Your network architecture is whatever it is – perhaps some initial
convolutional layers because you’re classifying two-dimensional
images – followed by some fully-connected layers. But your final
fully-connected layer should have nAnimal = 3 plus nDigit = 10
output features so that the output of your network (the input to your
loss criteria) is a tensor of shape [mini_batch, nAnimal + nDigit].

Now you slice input and labels and apply CrossEntropyLoss twice:

lossAnimal = torch.nn.CrossEntropyLoss() (input[:, :nAnimal], target[:, 0])
lossDigit = torch.nn.CrossEntropyLoss() (input[:, nAnimal:], target[:, 1])
lossTotal = lossAnimal + lossDigit

It’s fully legitimate to build your total loss out of multiple losses – in this
case two cross-entropy losses – and it will work just fine with autograd.
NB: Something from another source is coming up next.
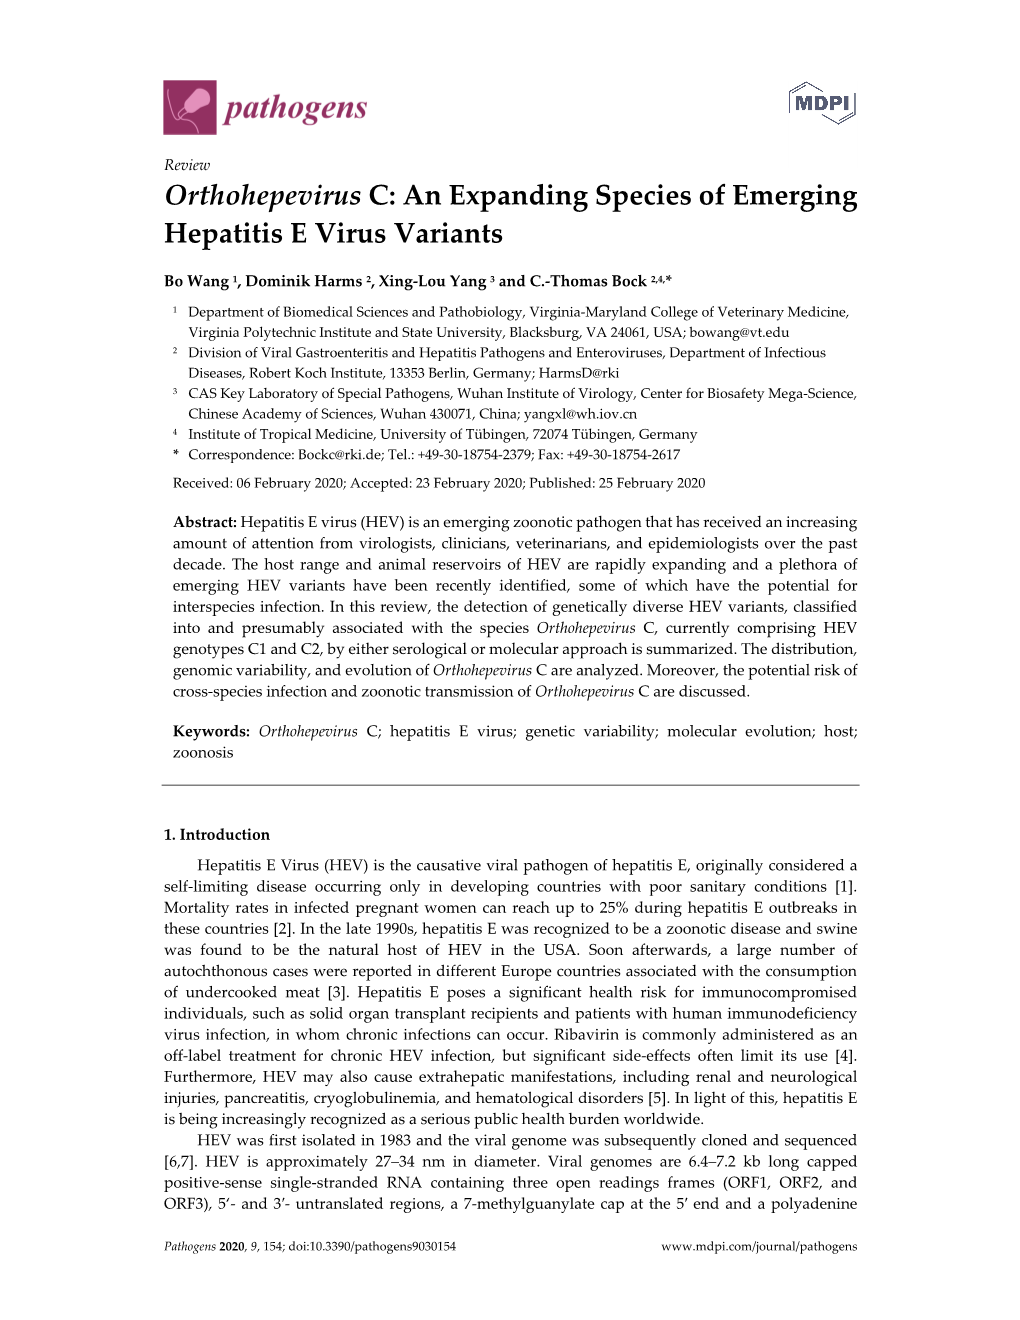 Orthohepevirus C: an Expanding Species of Emerging Hepatitis E Virus Variants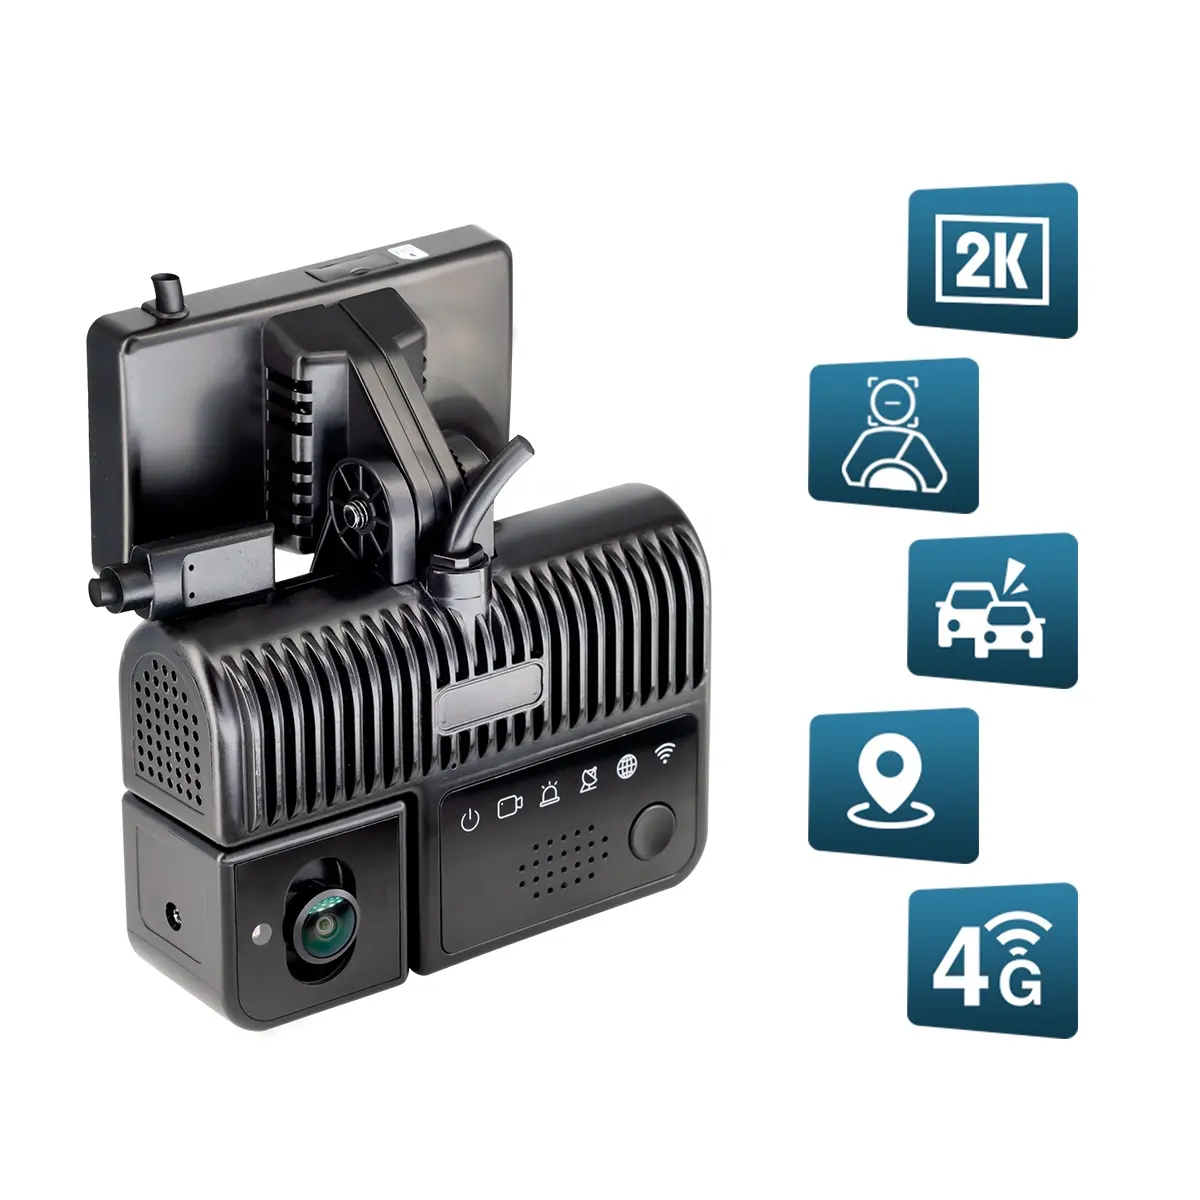 स्टोनकैम 2 के जीपीएस wdr adas 4g ai dashcam वीडियो रिकॉर्डर के साथ ट्रक के लिए थकान का पता लगाने वाला कैमरा

As you train your network by backpropagating totalLoss, your network,
and, in particular, your final fully-connected layer, will 'learn" that the first
nAnimal output features of the final layer are the predicted raw-score
logits for the animal in the image, and that the remaining nDigit output
features are the predicted logits for the digit in the image.


K. Frank

1 Like

Ah, thank you very much for the example, it is much clearer now. Because in my head, I was stuck with doing Softmax as the activation of my last layer (instead of leaving it as the logits) and absolutely wanted my network to apply the softmax and thus couldn’t do two labels at the same time given the dimension of the last layer.